3.11 Smoke exhaust design

In addition to places that are not suitable for setting up smoke exhaust facilities and places with slow fire development, the following places or parts of industrial and civil buildings should adopt smoke exhaust and other flue gas control measures: above-ground Class C production sites with a construction area of more than 300 m² and frequent people staying or many combustibles, and above-ground rooms with a construction area of more than 300 m² and frequent people staying or combustibles; Except for the high-temperature production process, other above-ground Class D production sites with a construction area of more than 5000m²; underground or semi-underground D production sites with a construction area of more than 1000m²; above-ground Class C warehouses with a construction area of more than 300m²; Evacuation corridors with a length of more than 20m in factories or warehouses with a building height of more than 32m, evacuation walkways with a length of more than 40m in other factories or warehouses, and evacuation walkways with a length of more than 20m in civil buildings.

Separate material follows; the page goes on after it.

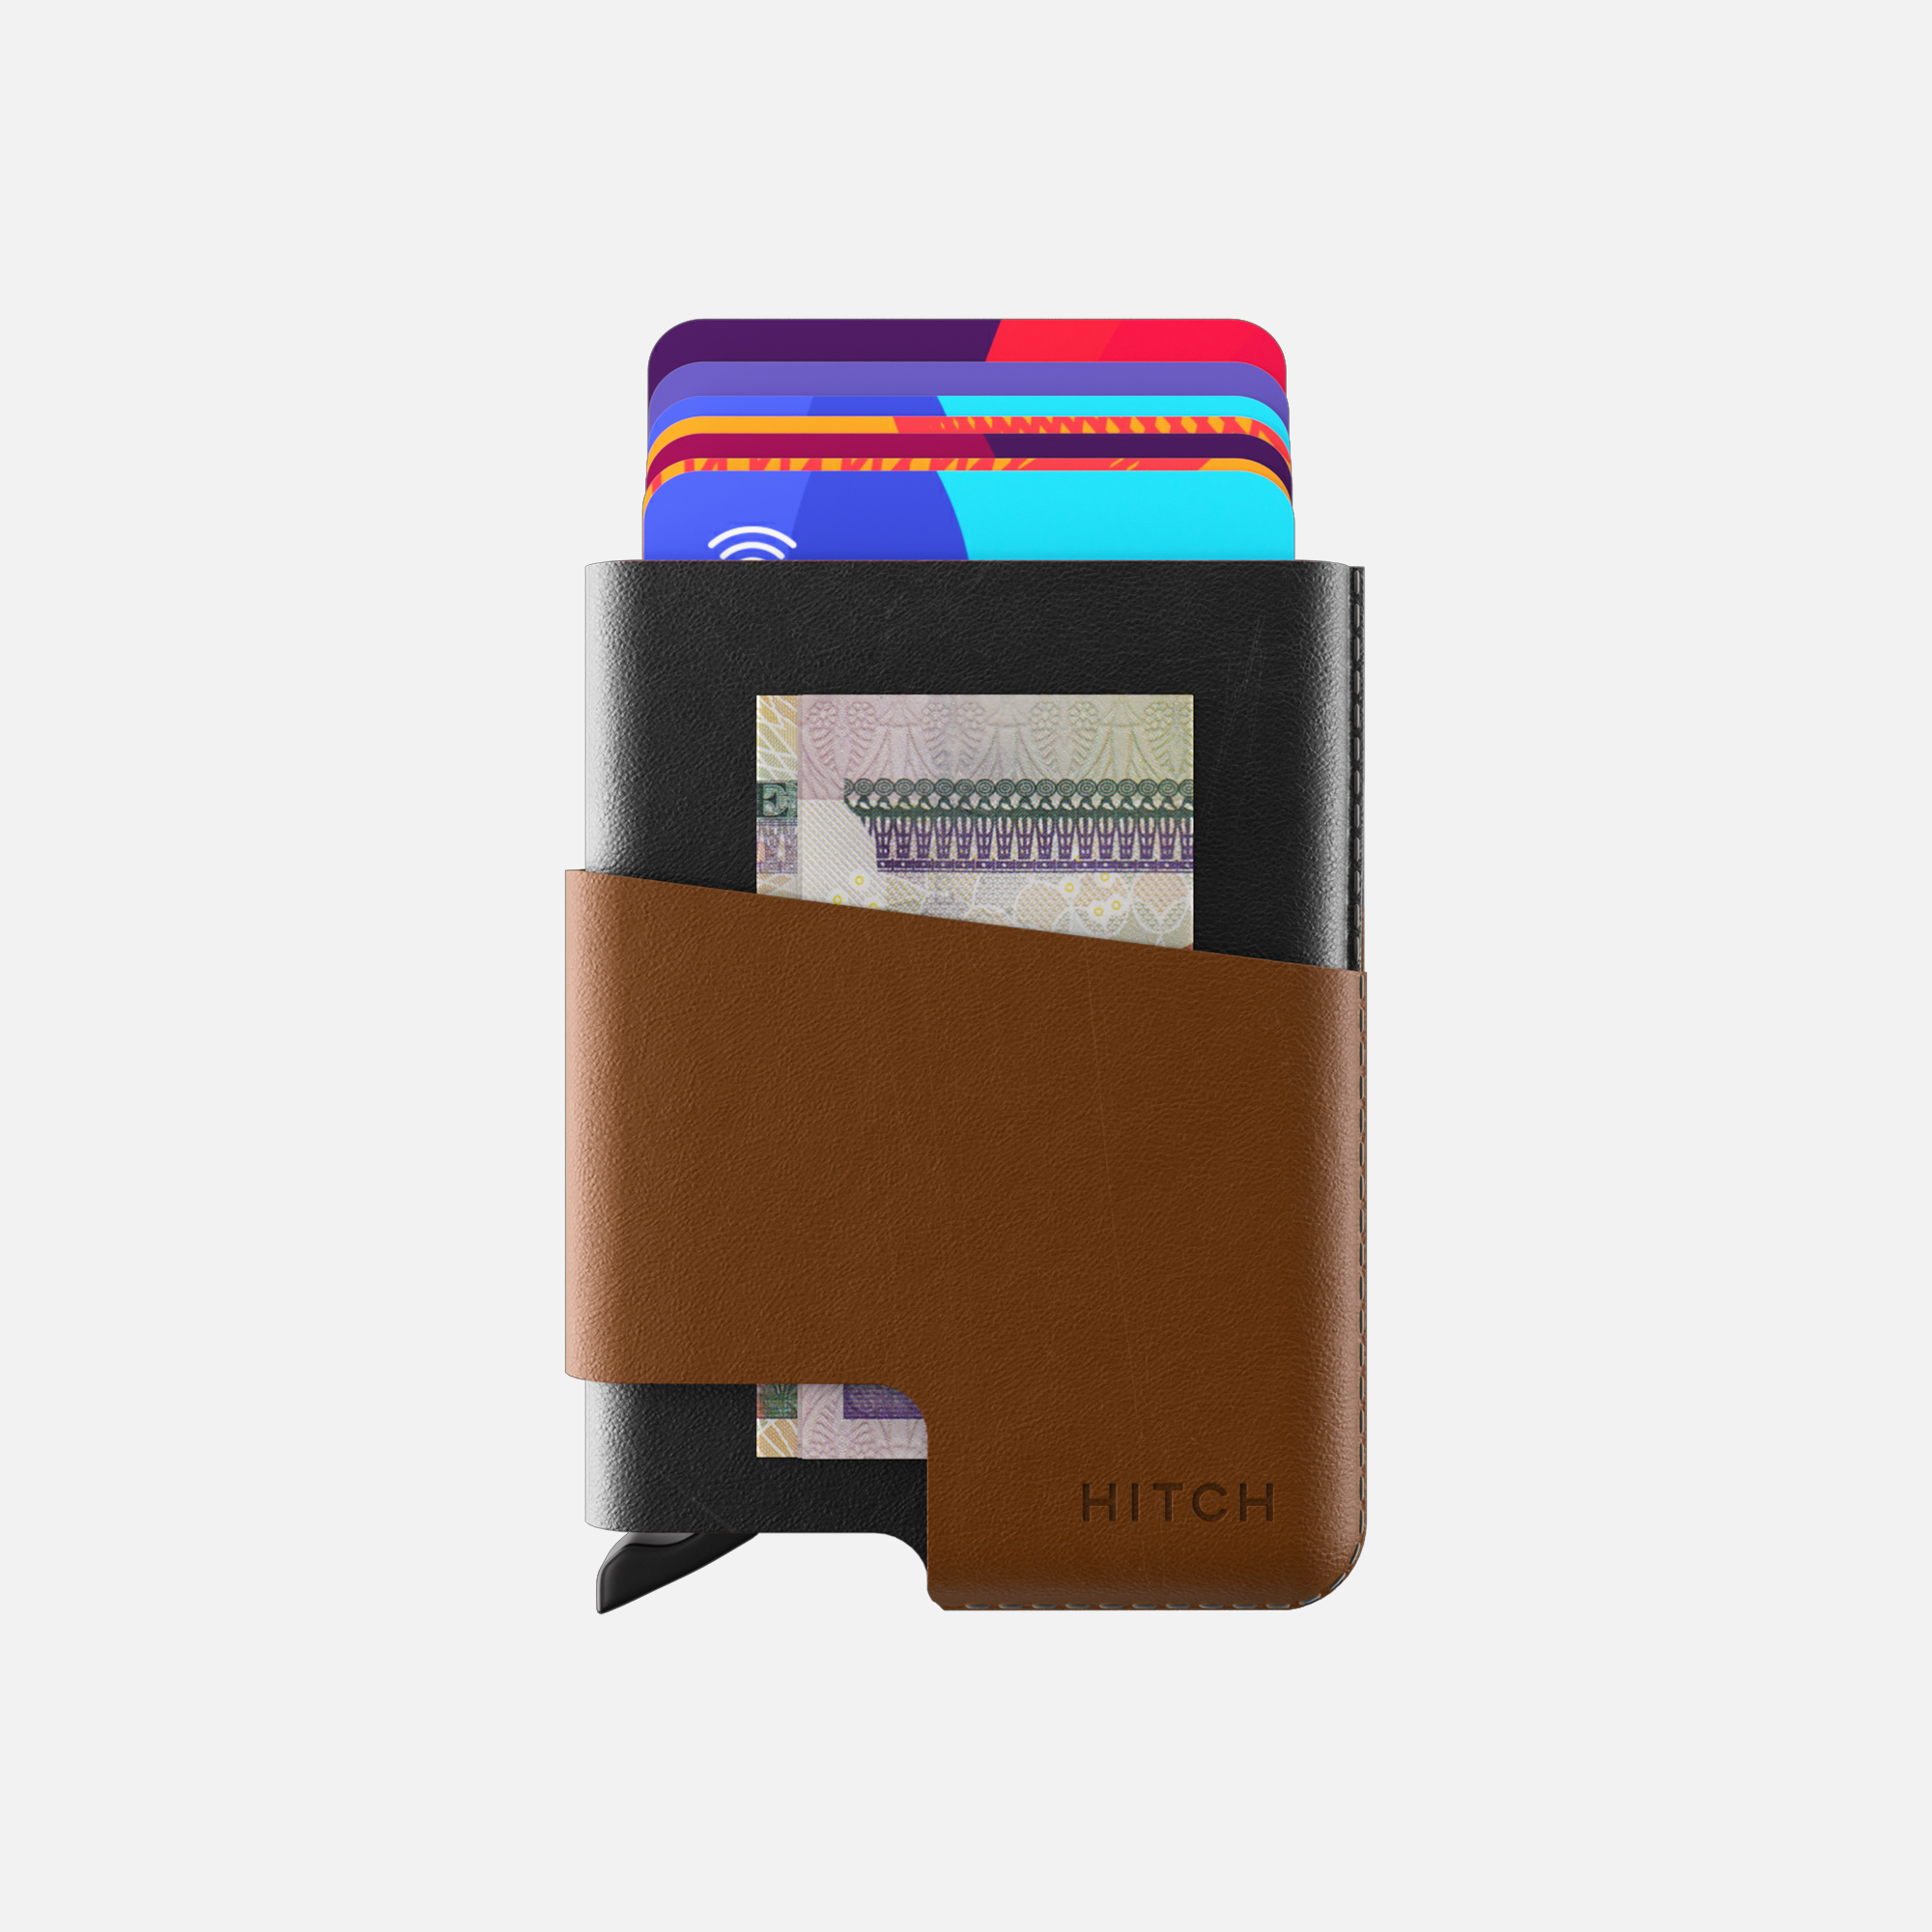 Cut-out cardholder offer | Together you can save more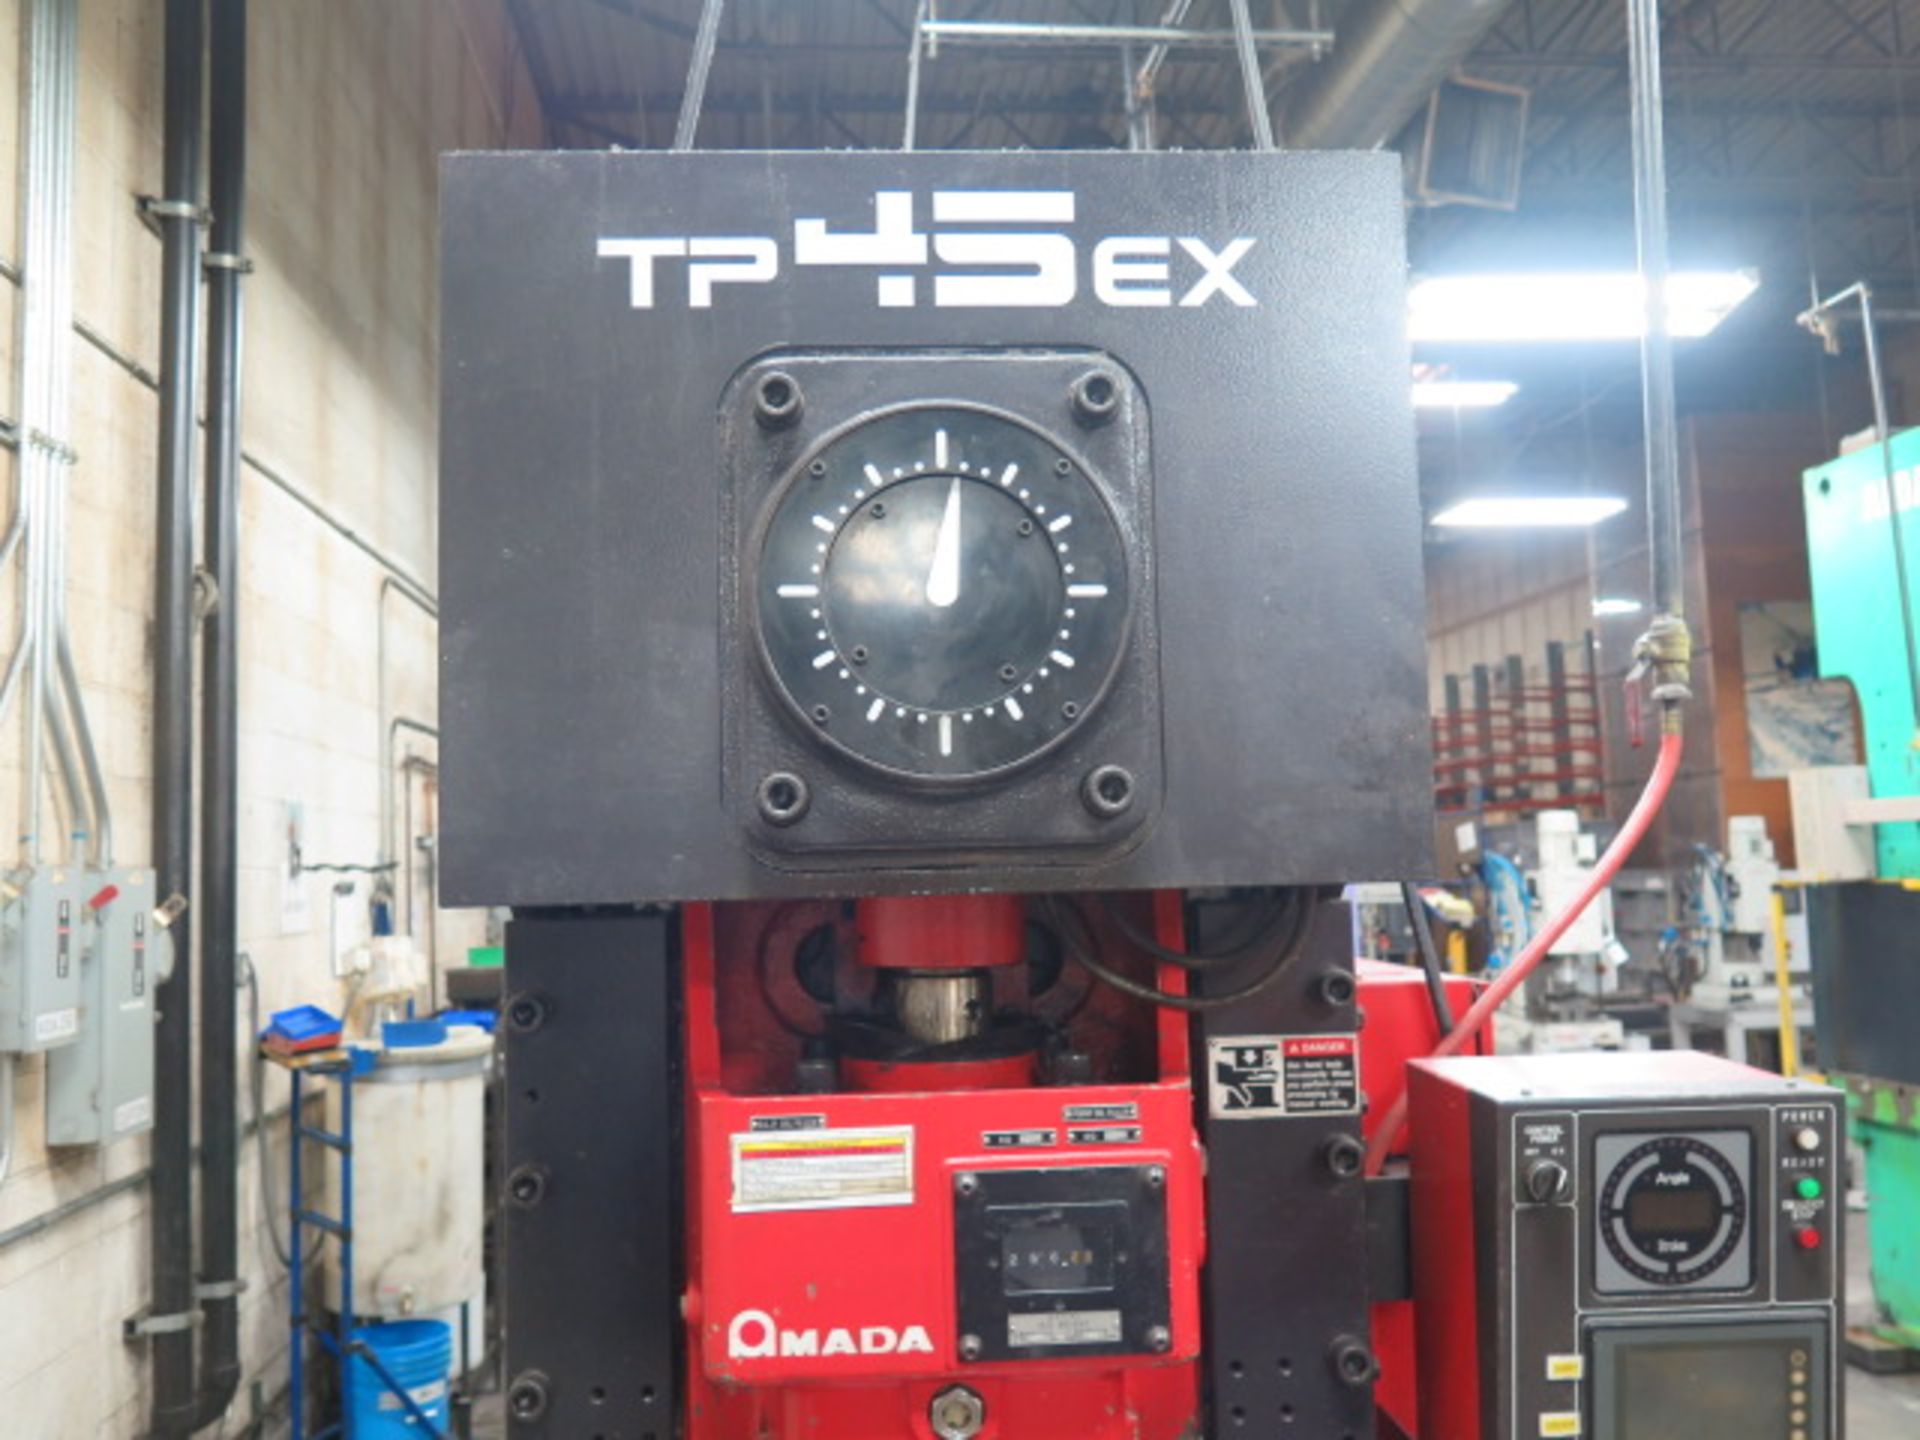 2006 Amada TP45EX 45 Metric Ton (49.5 Short Ton) Hydraulic Press s/n 72100691 SOLD AS IS - Image 6 of 14

3.12 Fireproof design of equipment

The machine room should be made of non-combustible or flame-retardant materials, and the combustion performance of the materials should comply with the relevant provisions of the GB50222-1995 "Fire Protection Code for Building Interior Decoration Design". The Code for Fireproof Design of Buildings 9.3.14 stipulates that the air ducts of ventilation and air conditioning systems should be made of non-combustible materials, usually galvanized steel plates. Flame retardant materials are used as the material of the air duct, usually composite air ducts, in order to ensure that the overall performance of the composite air ducts reaches Class A non-combustible. 9.3.15 It is stipulated that the insulation materials of equipment and air ducts should be non-combustible materials; Humidification materials, anechoic materials and binders used in humidifiers should be made of non-combustible materials, and flame-retardant materials can be used when it is really difficult.